• [Task description]:
Repeat the data that follows in full. Do not include the pictures.

• [Supplied data]:
- - -
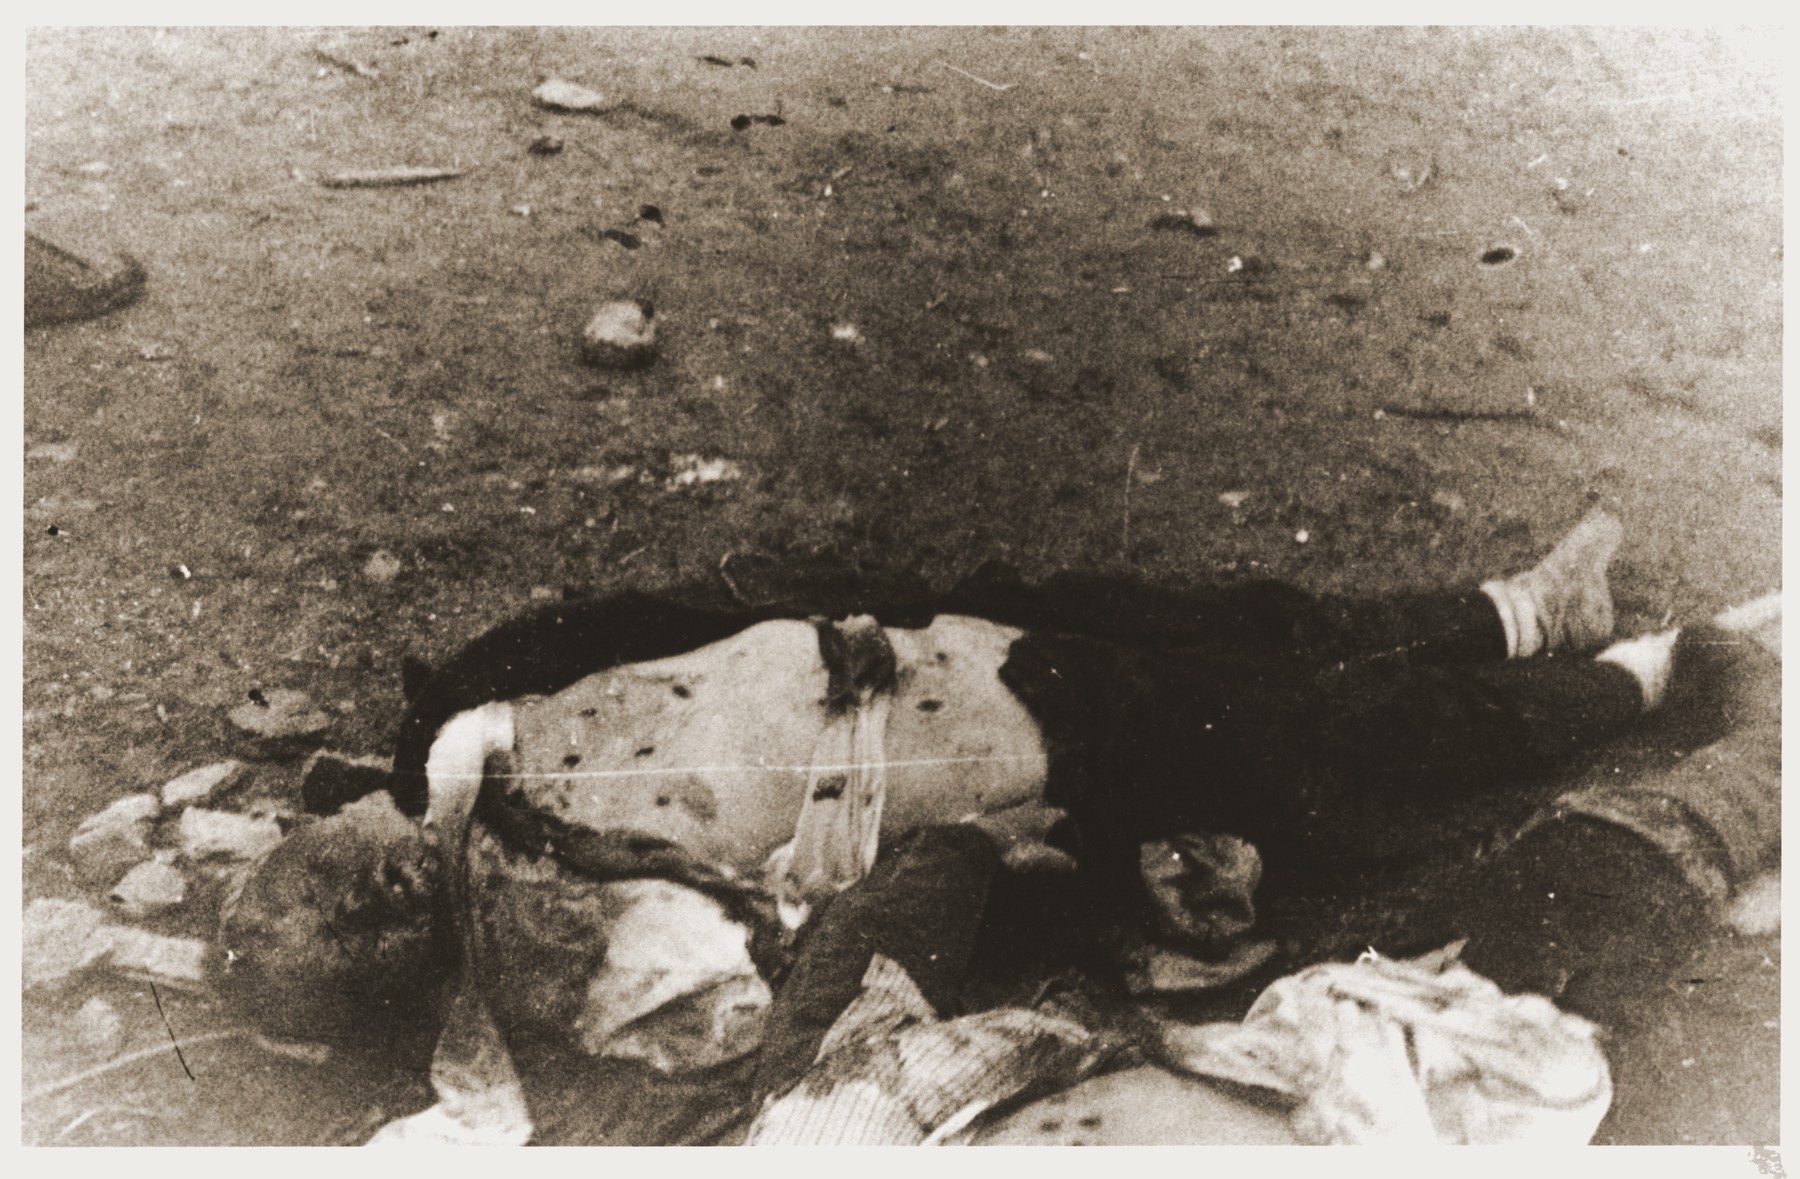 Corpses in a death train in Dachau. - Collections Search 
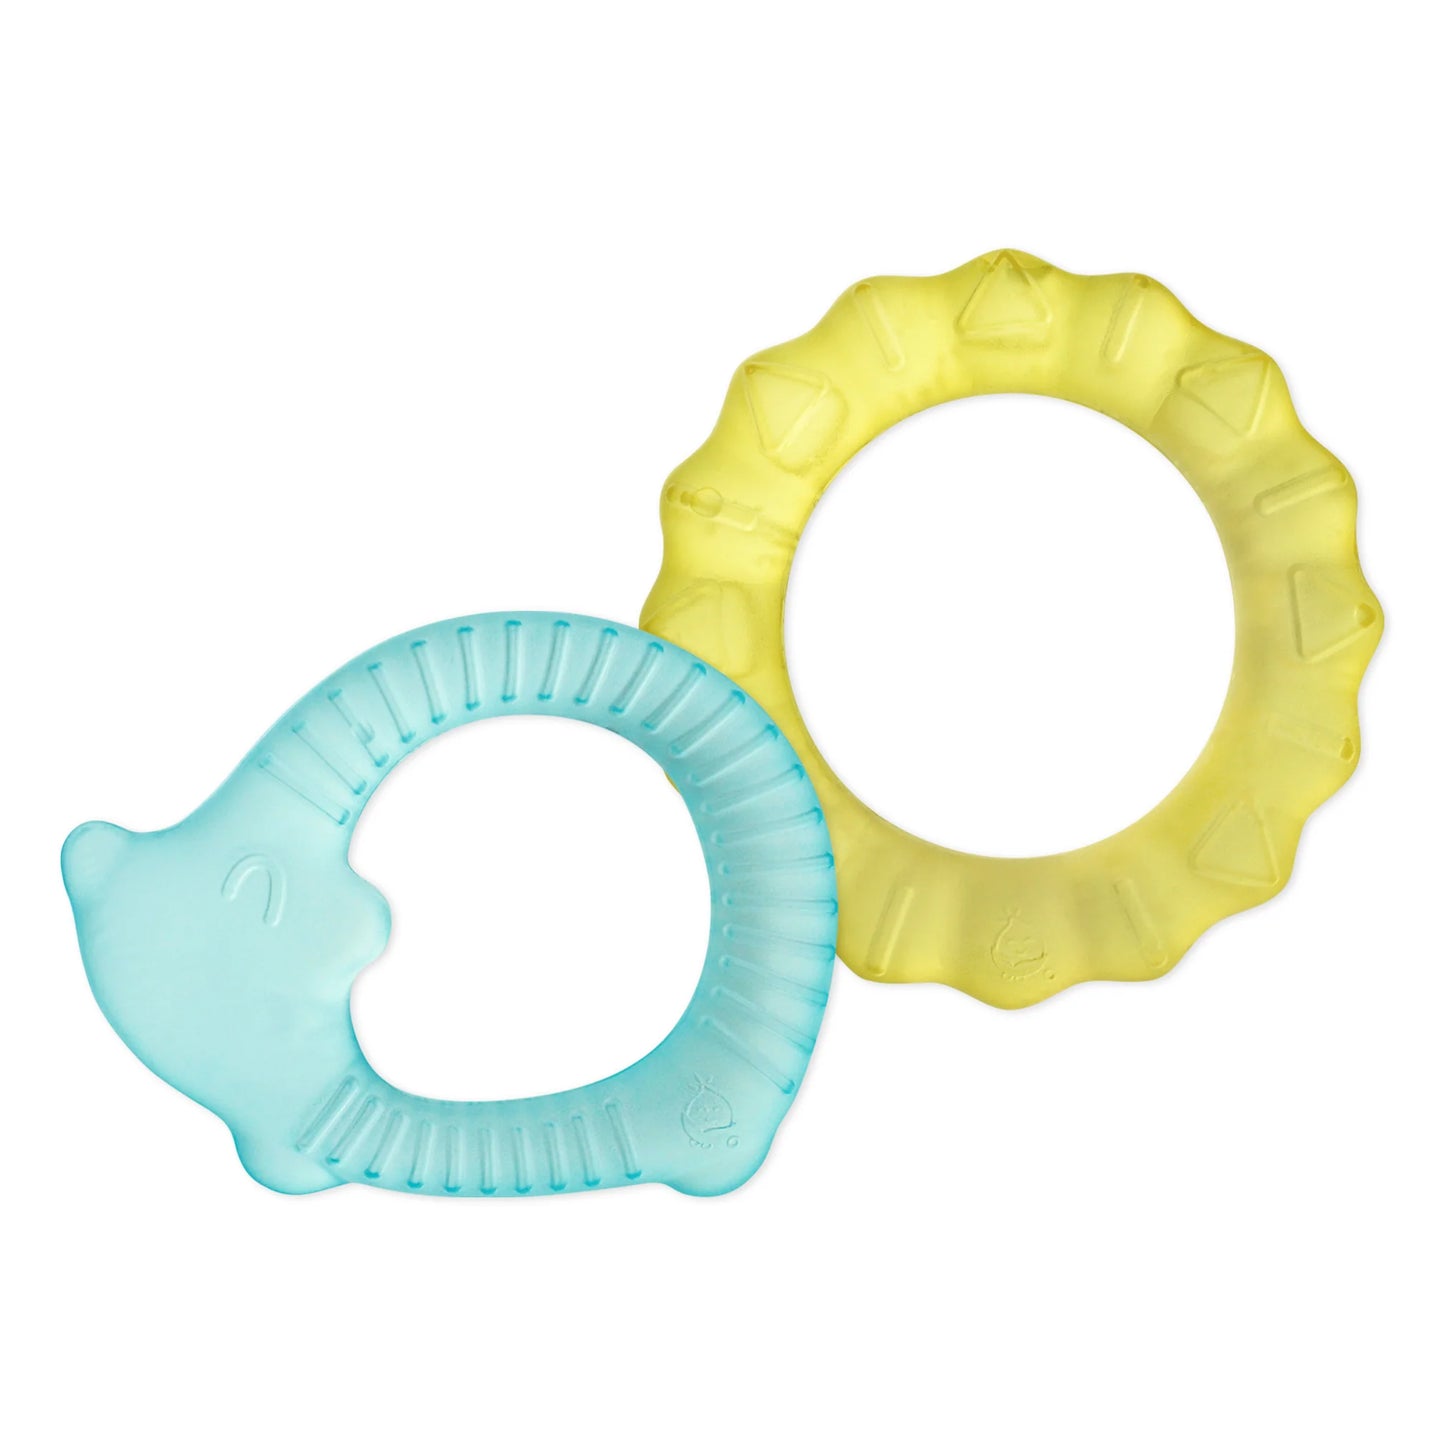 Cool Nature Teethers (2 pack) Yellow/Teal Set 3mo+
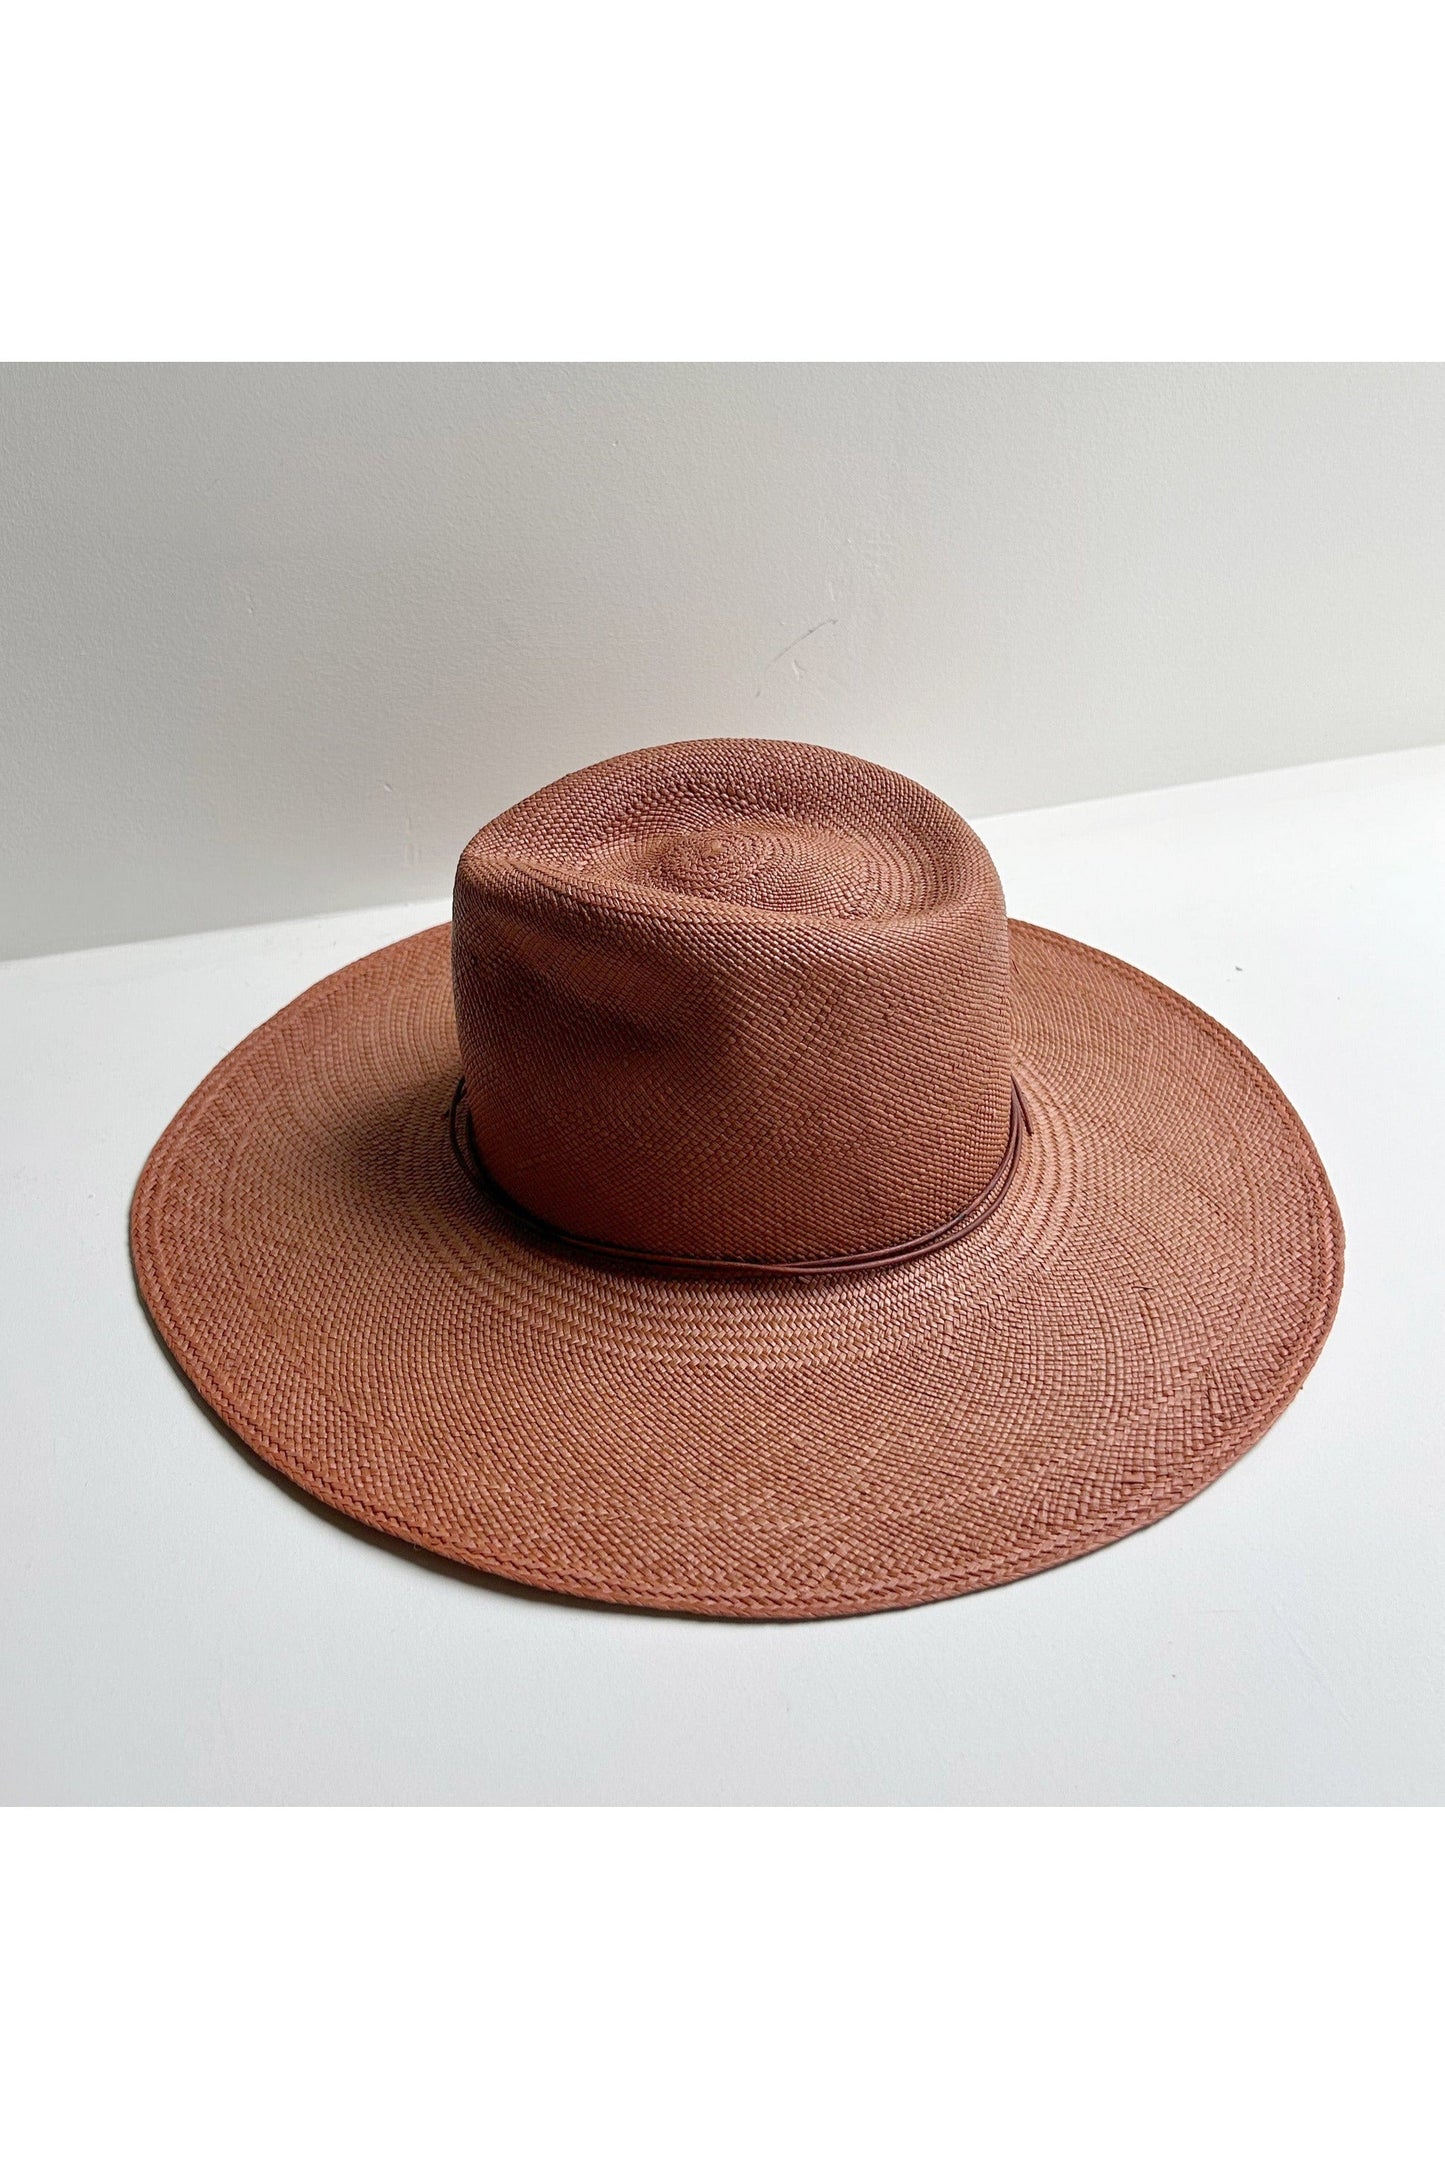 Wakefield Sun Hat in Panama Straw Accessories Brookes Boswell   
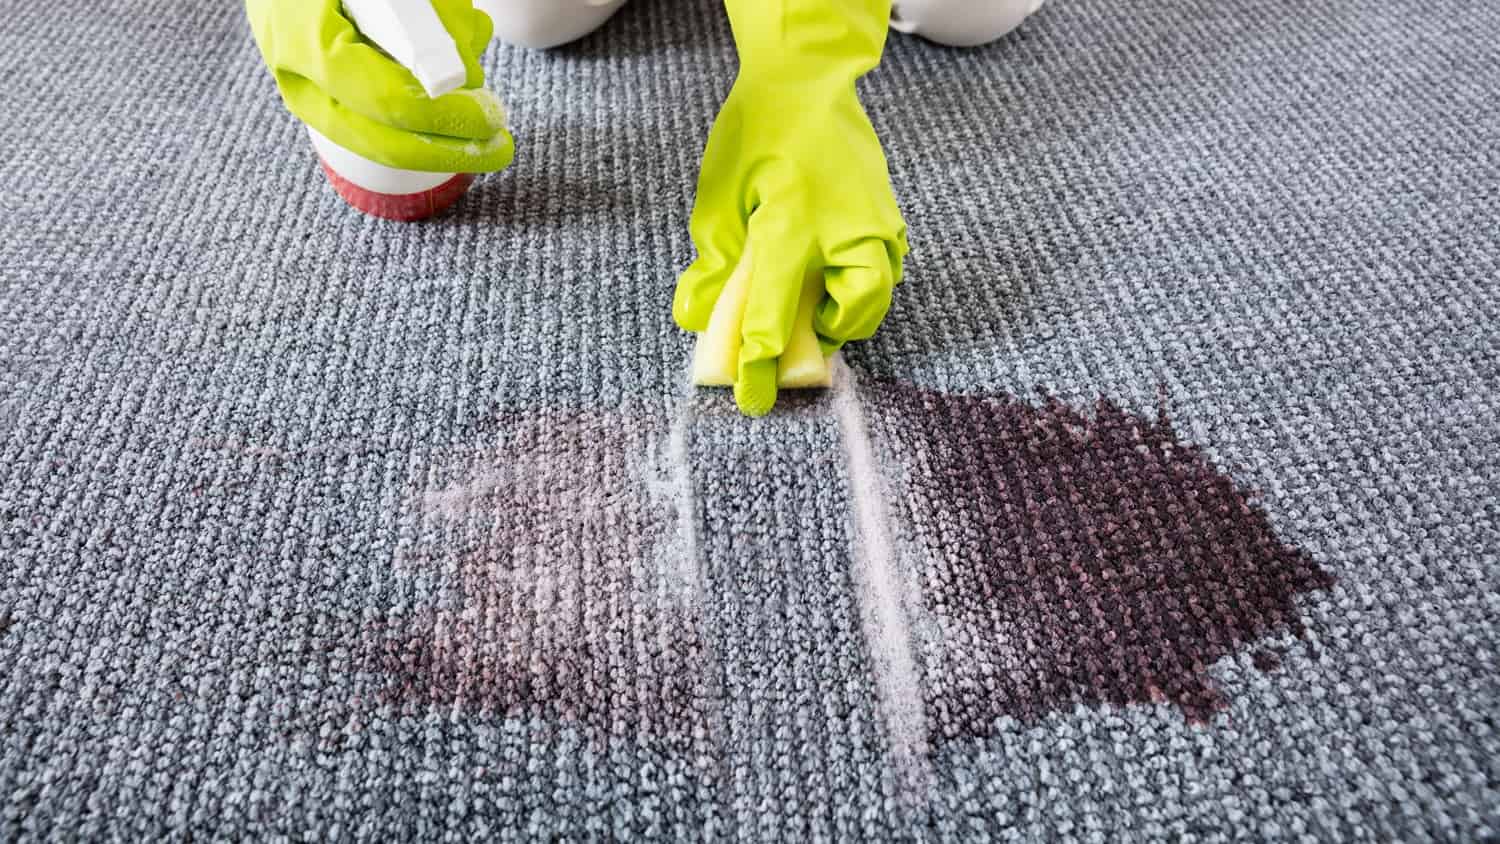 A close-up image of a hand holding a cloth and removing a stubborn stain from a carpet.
- - -
• [Answer space]:
 Corpses in a death train in Dachau. - Collections Search 
 Cool Nature Teethers (2 pack) Yellow/Teal Set 3mo+
 Wakefield Sun Hat in Panama Straw Accessories Brookes Boswell   
 A close-up image of a hand holding a cloth and removing a stubborn stain from a carpet.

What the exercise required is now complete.